Data extracted from a collection

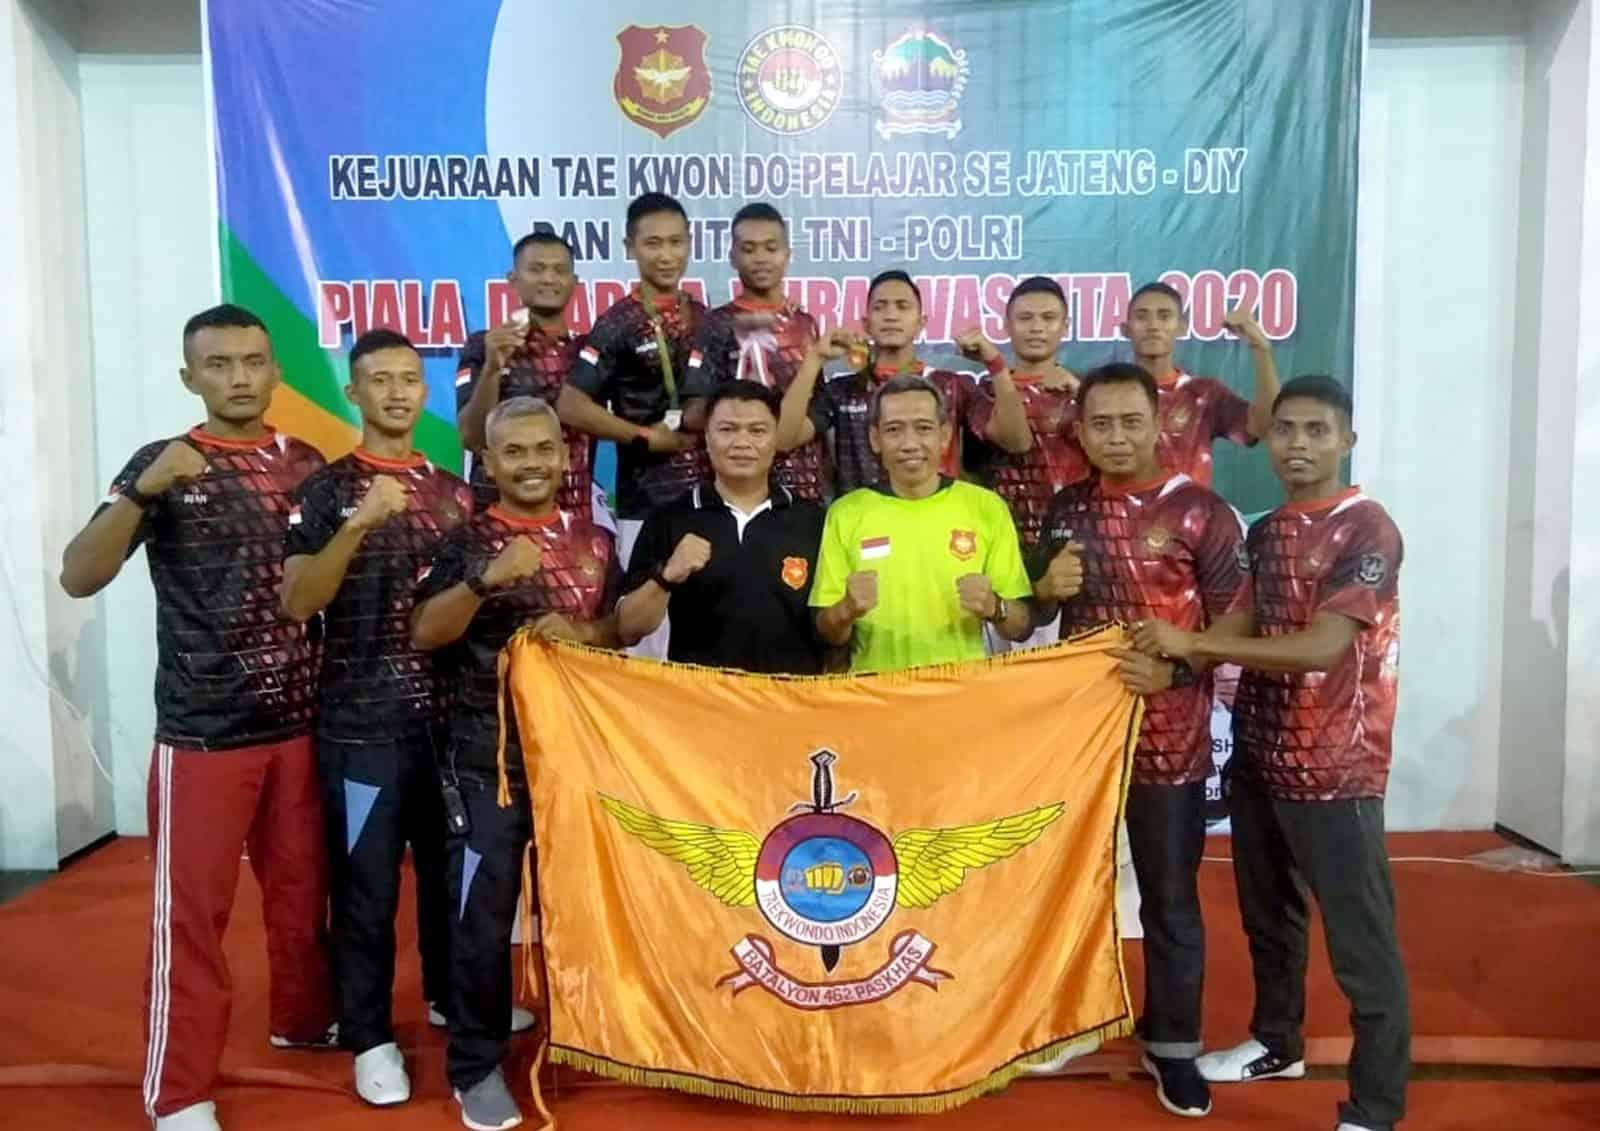 Yonko 462 Paskhas Raih Juara Umum Dua Pada Kejuaraan Taekwondo Pangdam IV/ Diponegoro
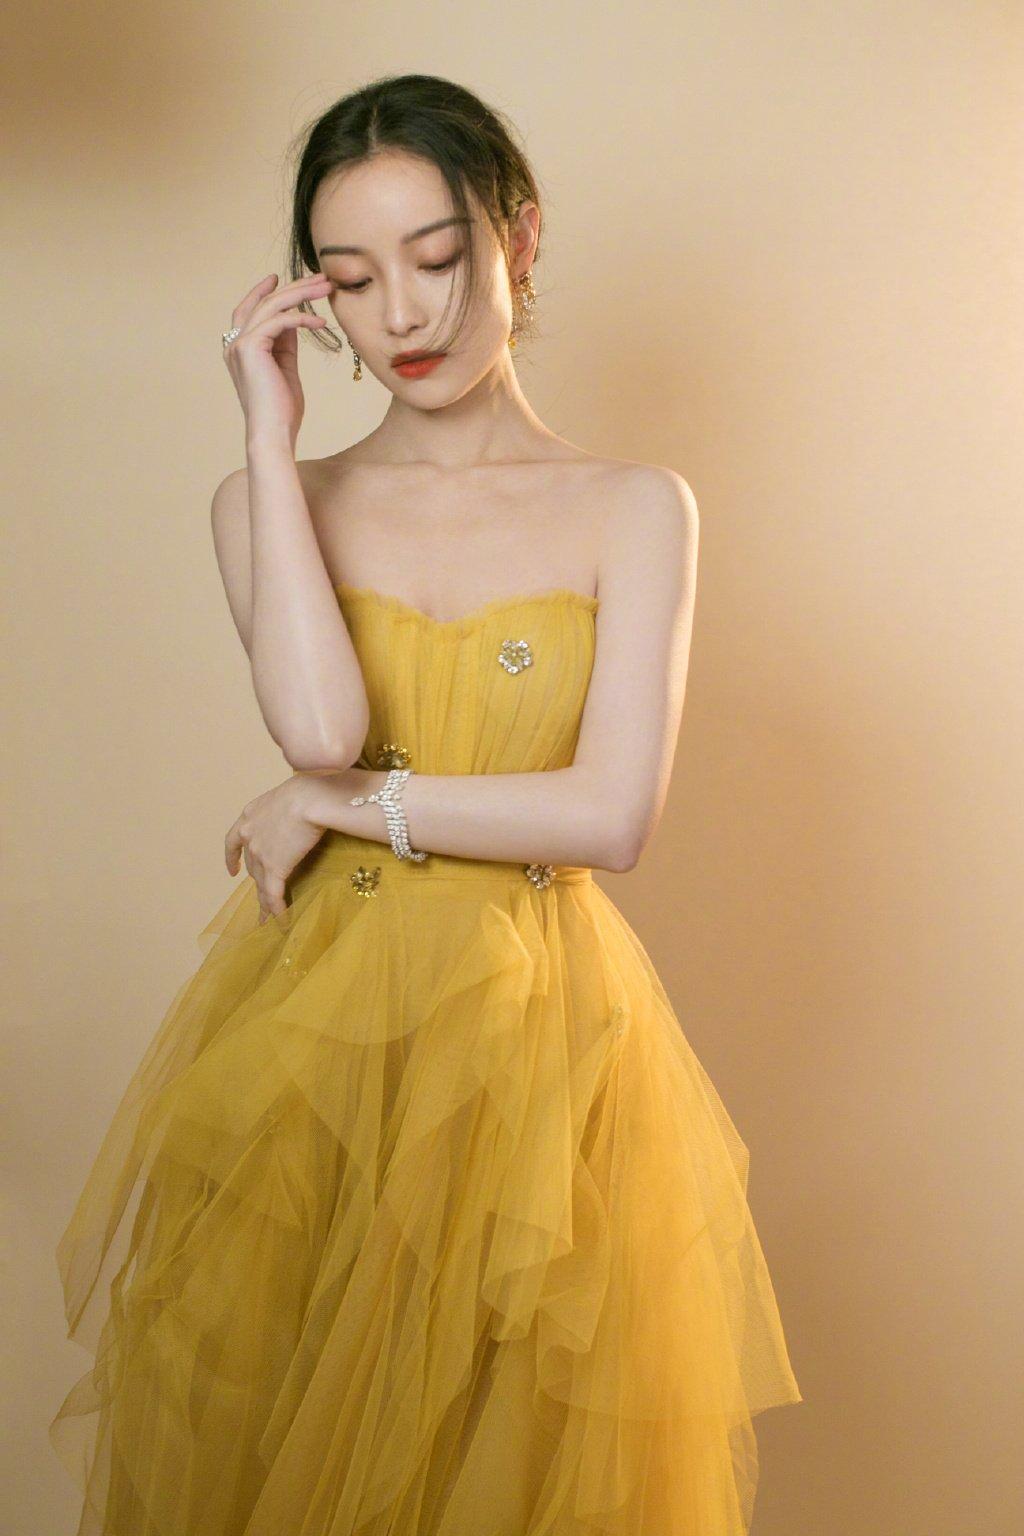 倪妮抹胸纱裙明艳性感写真图片
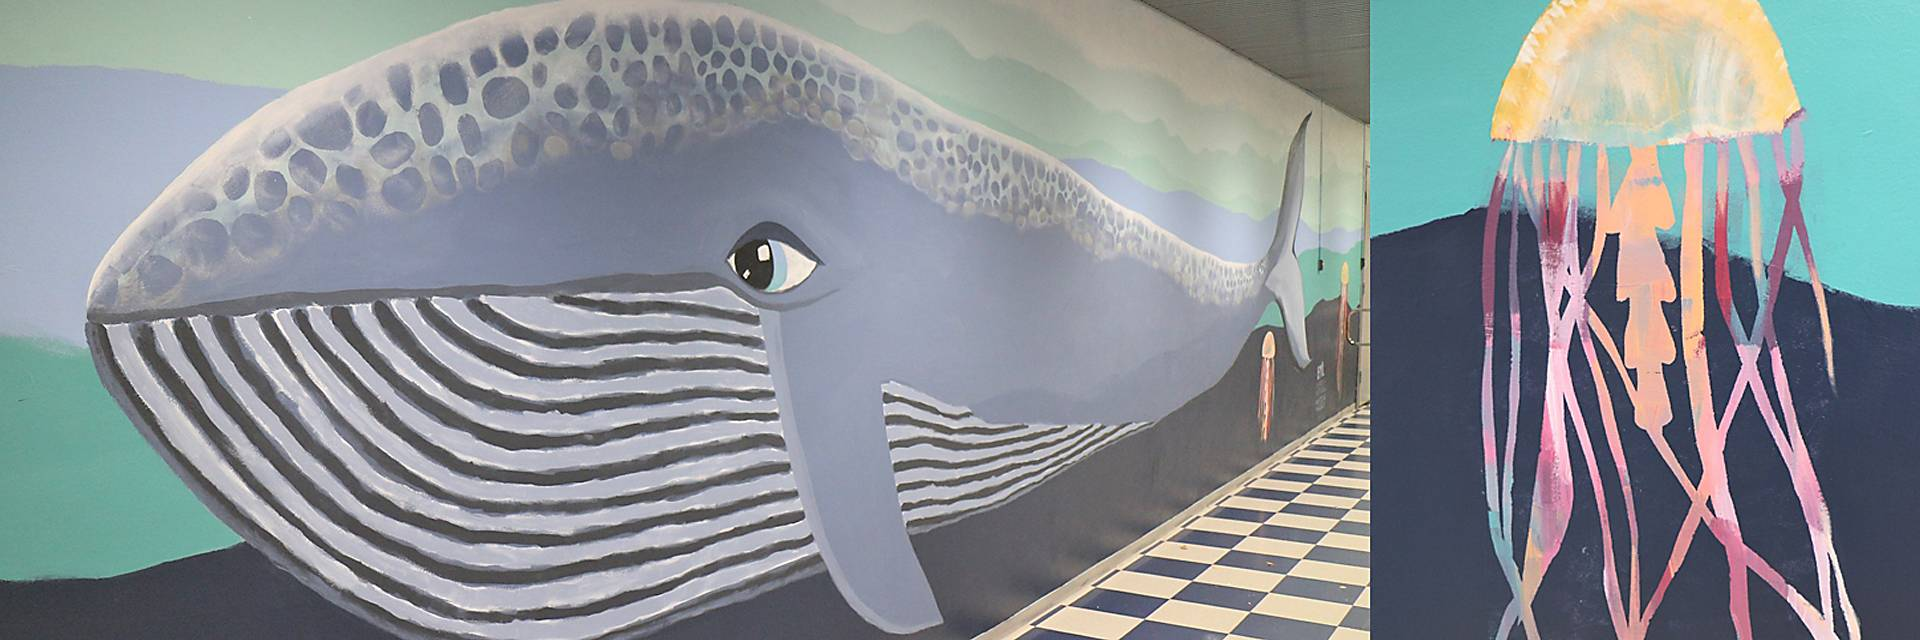 Valasaiheinen muraali
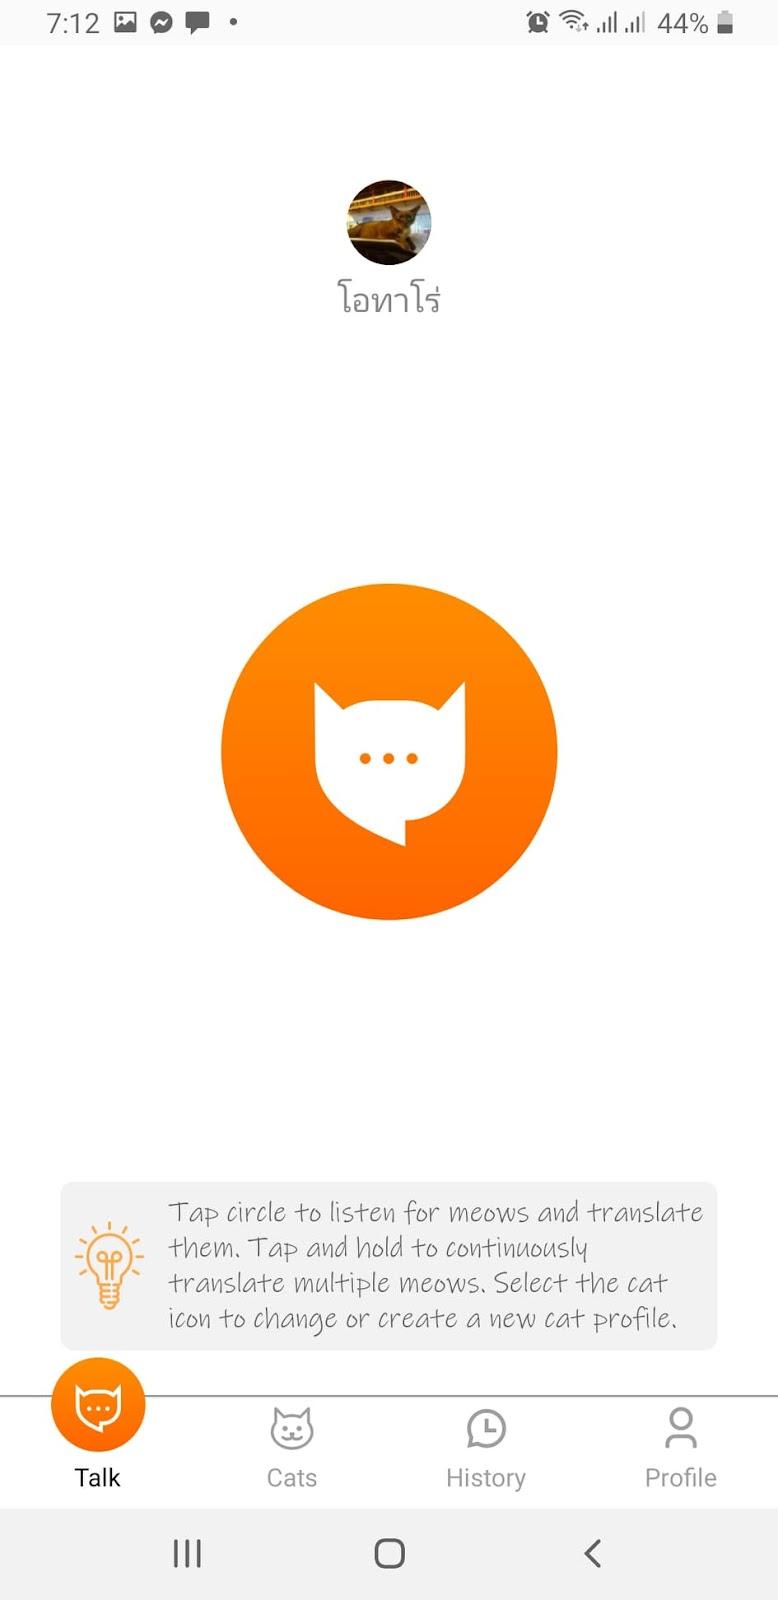 คุยกับแมวด้วยภาษาแมวผ่านแอพ MeowTalk 3
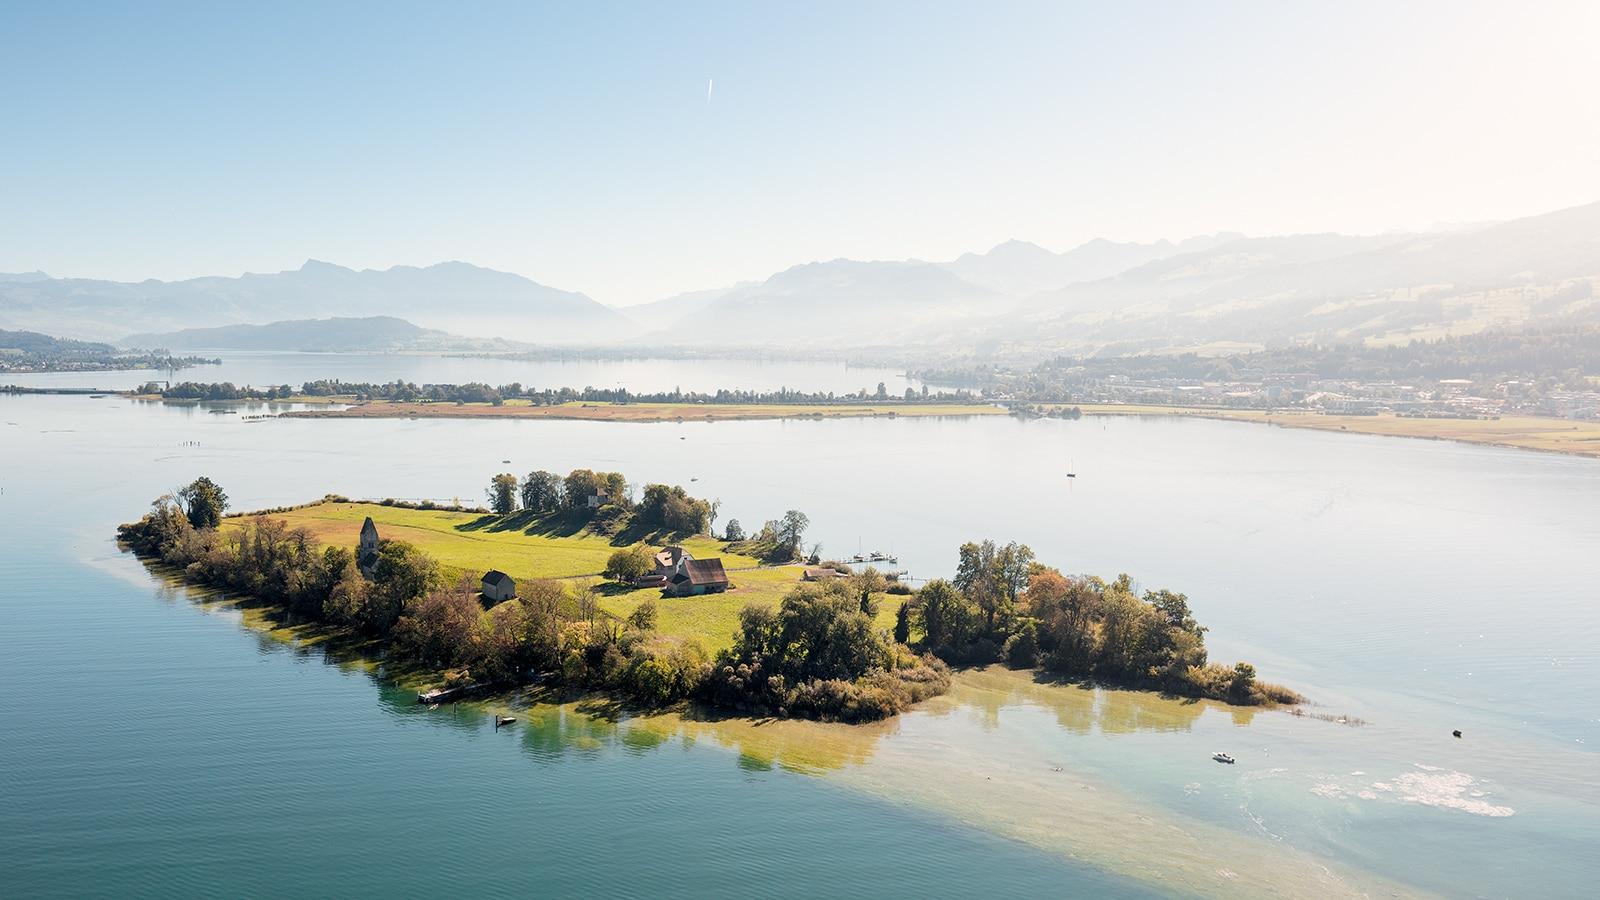 Luftaufnahme mit Helikopter: Blick auf Ufenau, Zürichsee, Obersee, Damm, Pfäffikon, Lachen, Glarneralpen, Federispitz, Speer

▶ _Your assignment_
Please reproduce the entries from above exactly; images are not part of the copy.

▶ _Exercise result_
 Yonko 462 Paskhas Raih Juara Umum Dua Pada Kejuaraan Taekwondo Pangdam IV/ Diponegoro
 倪妮抹胸纱裙明艳性感写真图片
 Valasaiheinen muraali
 คุยกับแมวด้วยภาษาแมวผ่านแอพ MeowTalk 3
 Luftaufnahme mit Helikopter: Blick auf Ufenau, Zürichsee, Obersee, Damm, Pfäffikon, Lachen, Glarneralpen, Federispitz, Speer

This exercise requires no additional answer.